In response to the Fijian government's efforts to restart the struggling tourism, the newly renovated resort, with a total of 162 staff with reduced working hours from Thursday until Sunday every week, has opened to welcome local Fijians.
A traditional warrior welcome marked the re-opening in July as the resort hosted local Fijians for a weekend of much needed rest and relaxation. Visitors enjoyed the resort's all villa accommodation, cultural activities, traditional cooking demonstrations and a wide-range of water sports.
“With open arms, we welcomed our first guests in over three months, hosting residents from the local Fijian community. It has been so inspiring to see the resort humming again and watching our team do what they do best, looking after our valued guests,” he said.
In the wake of the COVID-19 outbreak, Logan said the resort will do its best to adjust to the new normal and warmly welcomes visitors including friendly Chinese guests.

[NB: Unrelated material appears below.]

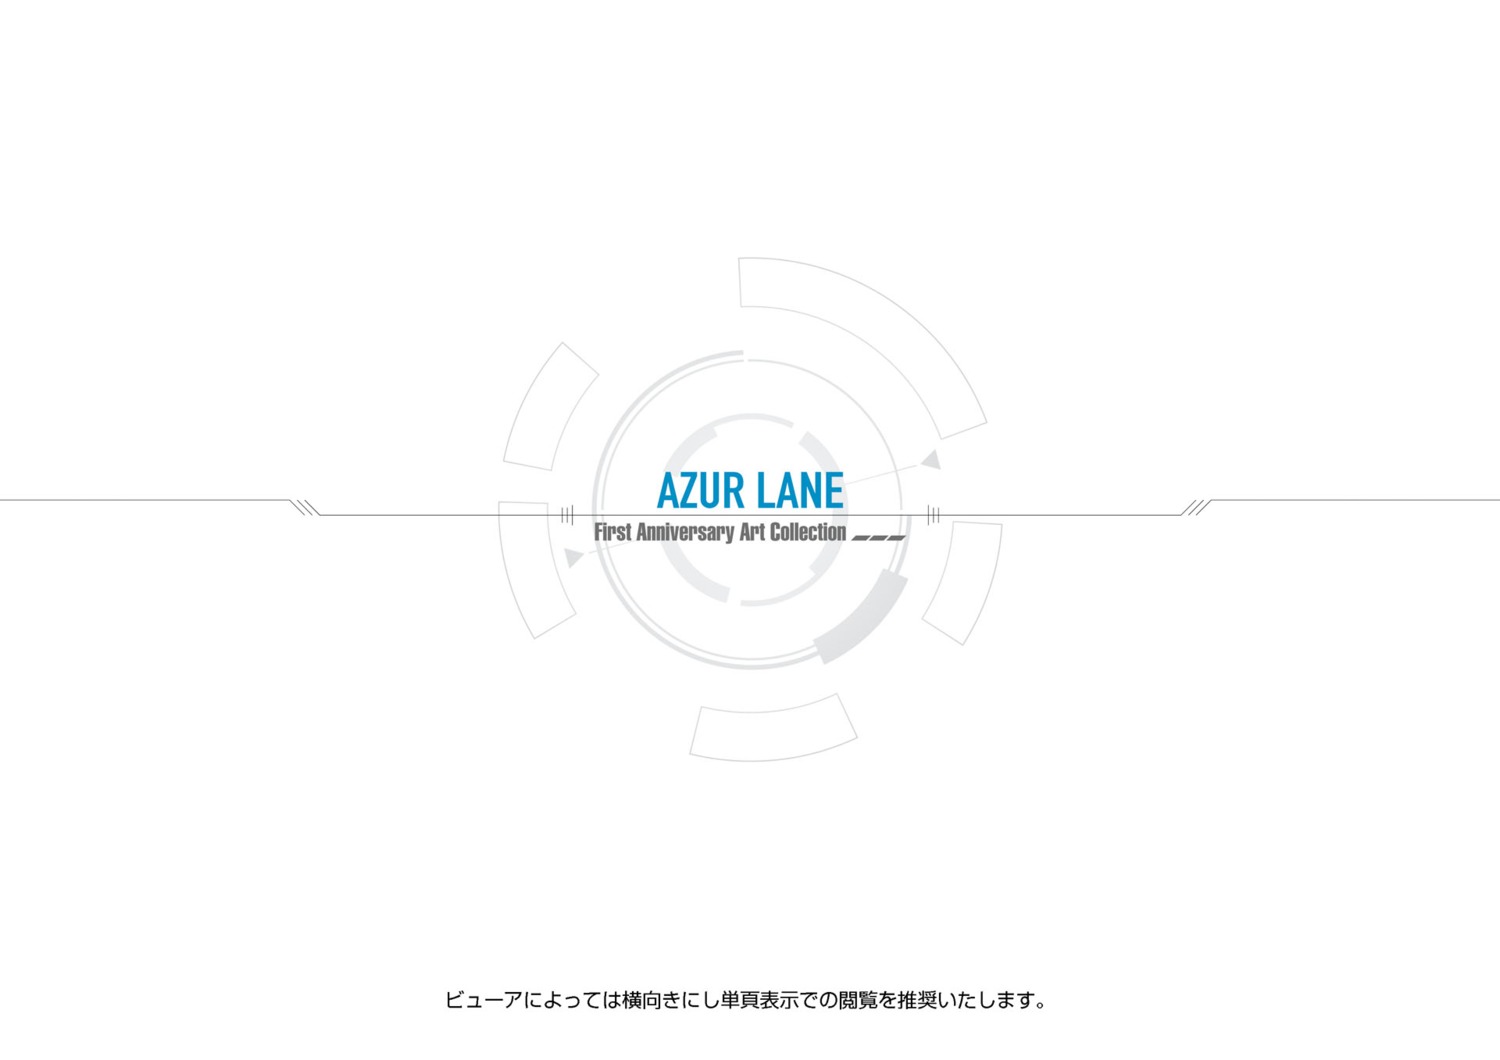 azur_lane text

Regardless of the devastating impact they have experienced from loss of guest arrivals, it has not deterred the Fijian spirit nor their determination to revive and surpass their previous visitor numbers, he said, adding that Nanuku welcomes guests from far and wide and wants their prospective guests to know they will be in safe hands and their experience will be “completely personalised, incredibly enriching and memorable.”
Born and raised in Fiji, Logan visited China and loves Chinese culture and food. He believes that China's development has a great potential and more Chinese will visit Fiji to enjoy the tropical paradise in the years to come.
“We have immensely enjoyed showcasing the wonders of Fiji with tourists arriving from China. Our culture is unique, and we love sharing the Fijian heritage with all our guests through story-telling and traditions," said Logan with a smile on his face.
“It is always so heart-warming to see our guests' smiling faces as they experience something new for the first time, like our kava welcoming ceremony for example, or traditional Fijian earth cooking, planting their own baby coral at Nanuku reef, experiencing Nanuku island or a sandbank day trip, or even watching our customary Fijian singing and dance performances,” he said.
“We trust Fiji's positive relationship with China will continue well after the current global pandemic and look forward to welcoming our Chinese guests back to Nanuku again very soon. We want to say from the bottom of our hearts to our Chinese guests: Bula, welcome to Nanuku and welcome home,” he said.